Вот — мы с ним под небом низким, серым и облачным. Довольно бессмысленный вечер с бутылкой коньяку и пирожными в картонке где-то на задах местного театра оперы и балета. Бессмысленный... — говорю, но и прекрасный (стоит лишь немного отдалиться во времени). Театр уехал на гастроли. Все же дышат сумеречно живым служебные двери, окна, старые выгородки и катастрофически обрушенные декорации в полуоткрытой пасти нечеловечески высокого сарая. А потом будет скульптурная композиция модерново полых существ в глубине мертвого дворика на отлете крыла Дворца пионеров, и мы с ними, макаронными людьми, остатки коньячные выпьем и обнимемся...

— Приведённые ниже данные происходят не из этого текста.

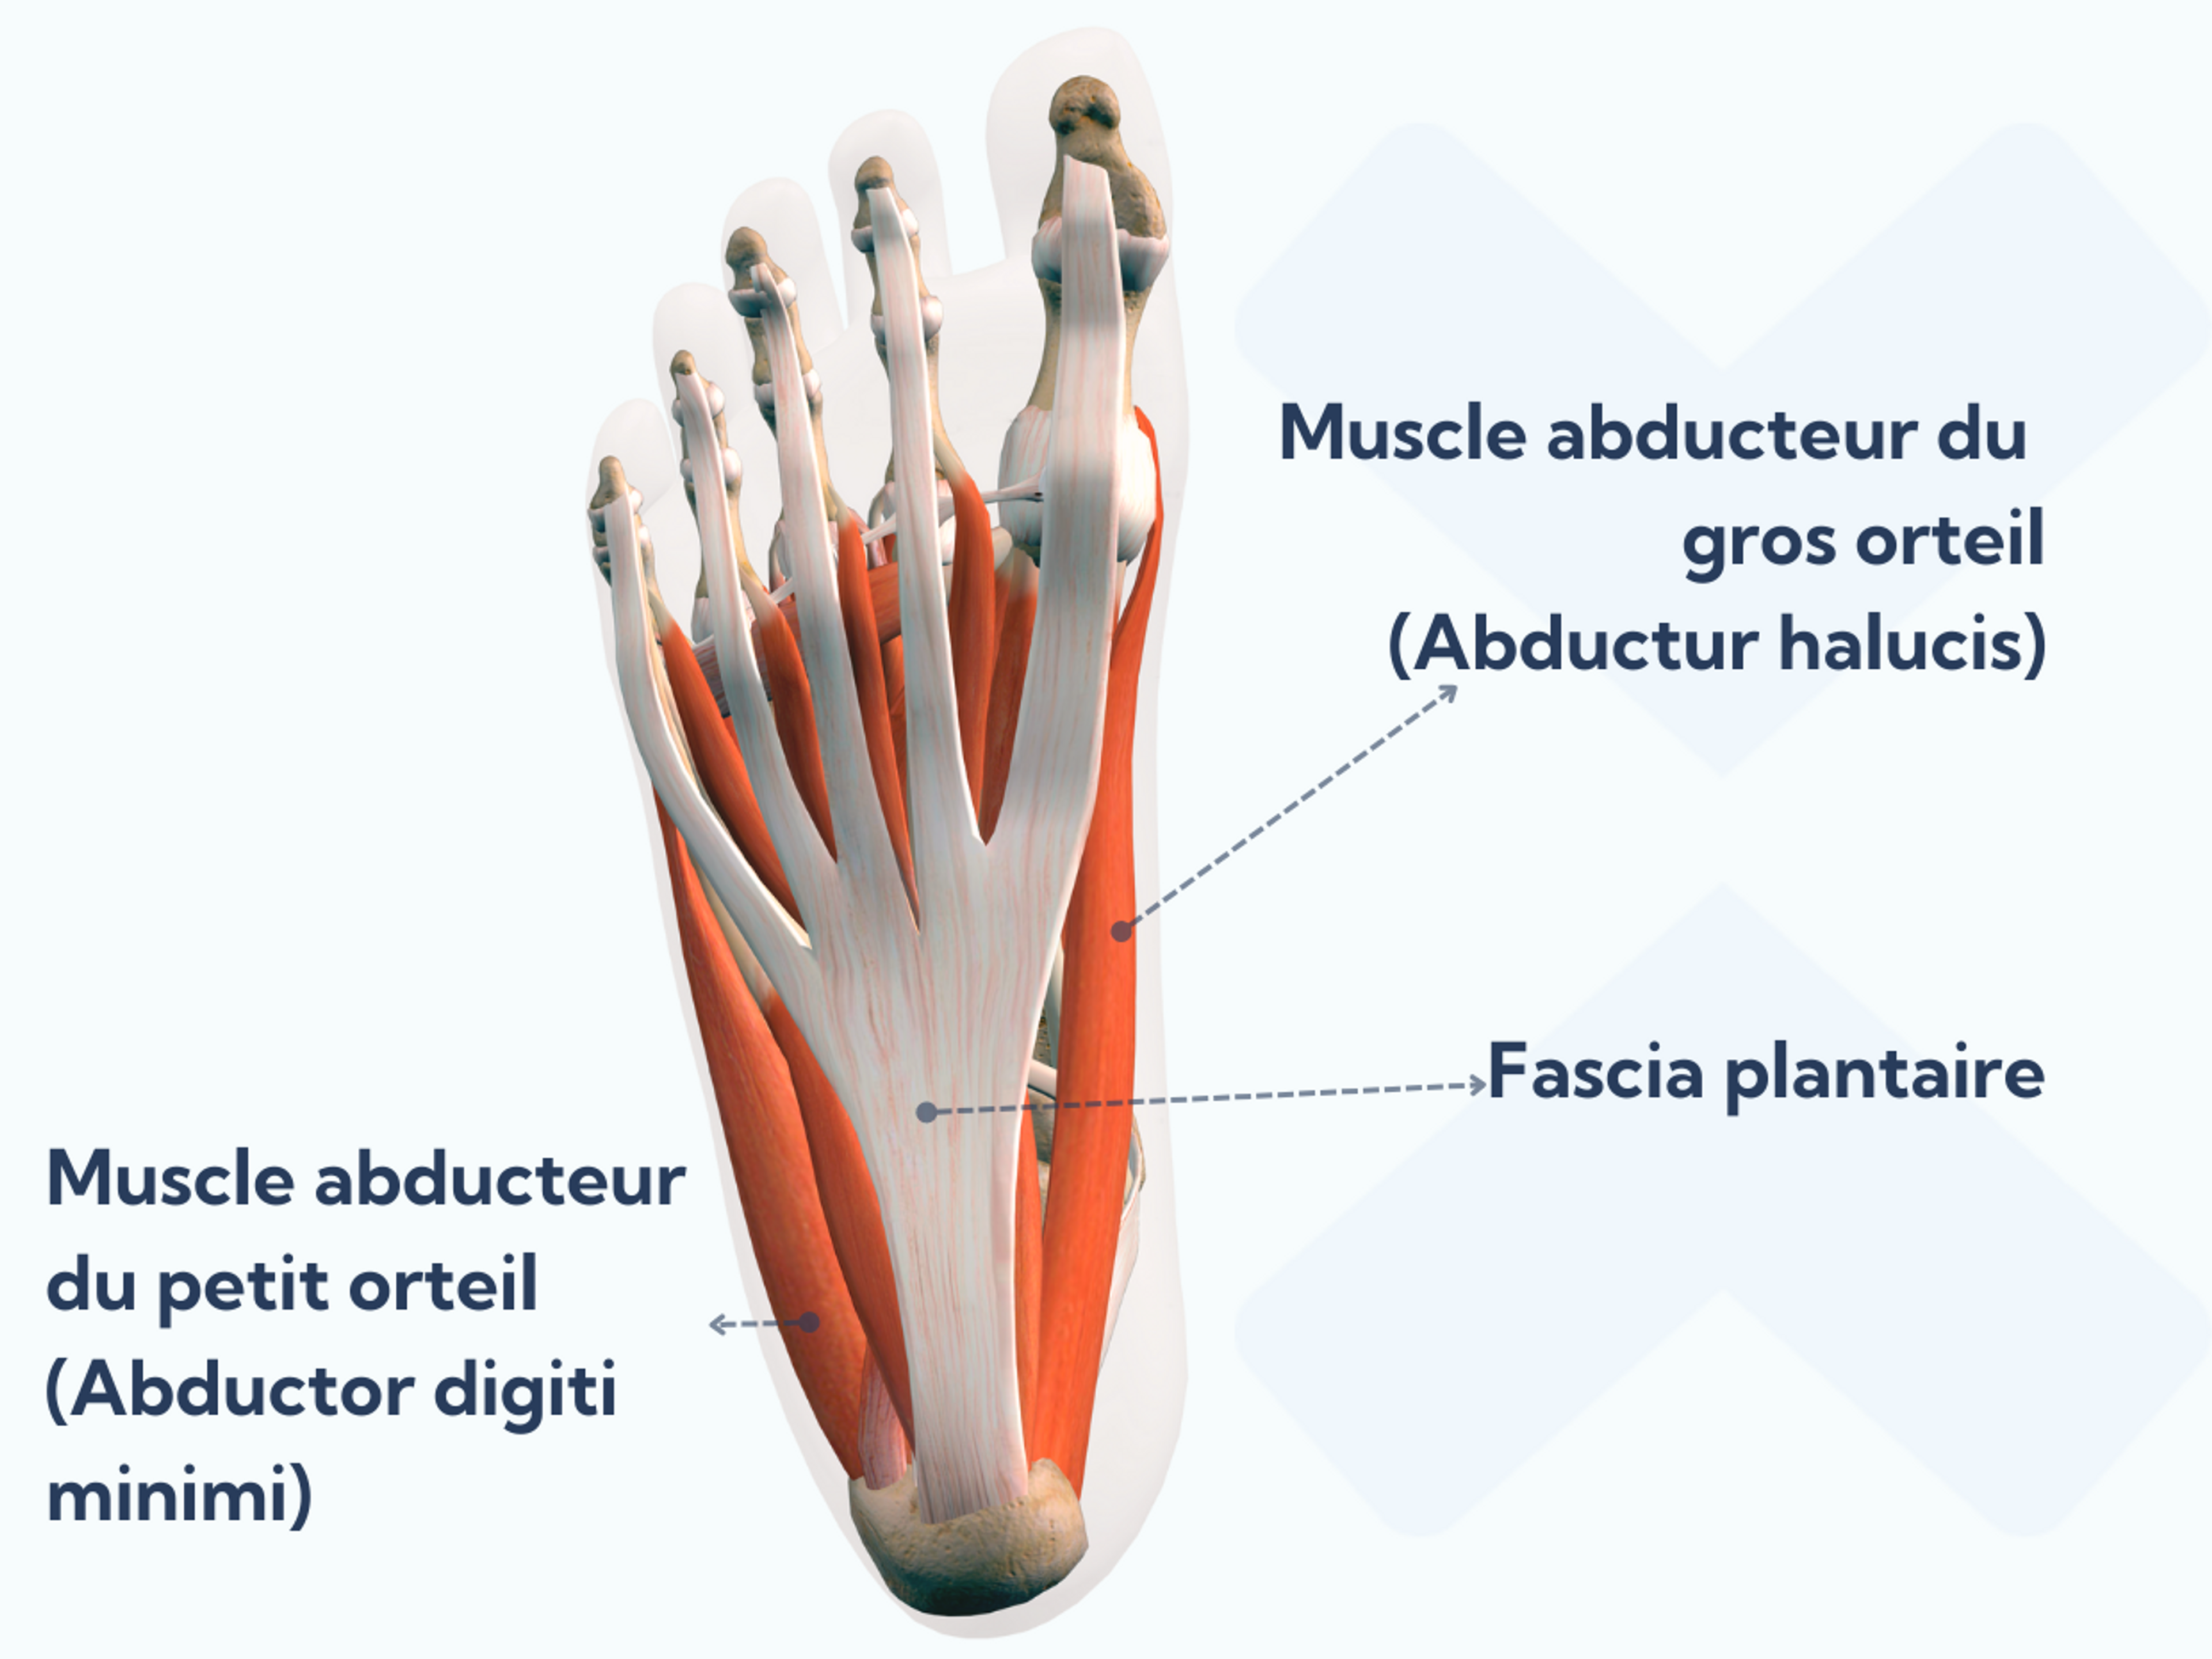 L'abducteur hallucis et l'abducteur digit minimi font partie de la couche superficielle des muscles intrinsèques du pied

Снова пошел густой снег, и в этом снегу летали неловко вороны. Я выбрался на Арсенальную набережную. Завод, который мне был нужен, значился на Свердловской... Я снова ищу его в том, прошлом январе, — где он? Времена года смешались, вообще времена. Снегом ночным и утренним, его сырыми завалами полно было все вокруг; из-под колес машин летела снеговая вода. Вдоль краснокирпичной стены, забуревшей с прошлого века, тропа кончилась. Пробирался по целине. Но отворились в буром, глухо-кирпичном двери — там, впереди, — и навстречу мне двинулась команда с военным во главе. Мы сближались; они буровились с лопатами цепочкой тесной, сторожкой, не выбиваясь в сторону ни на шаг, — я обомлел: глаза! Острожные!.. А потом, поравнявшись, увидел: на всех — однообразные шапки, бушлаты, но не солдатские, а другие; они и подтвердили — острожные. Замыкал цепочку тоже военный. Запомнилось это щупанье взаимное — глазами!.. «Два мира?» — спросил себя, идя дальше по их же следу. И укорил, словно чужого: «Откуда, друг, такая уверенность?..» Мир оказывался неделимым, насыщающим все вокруг пресной снеговой прелью.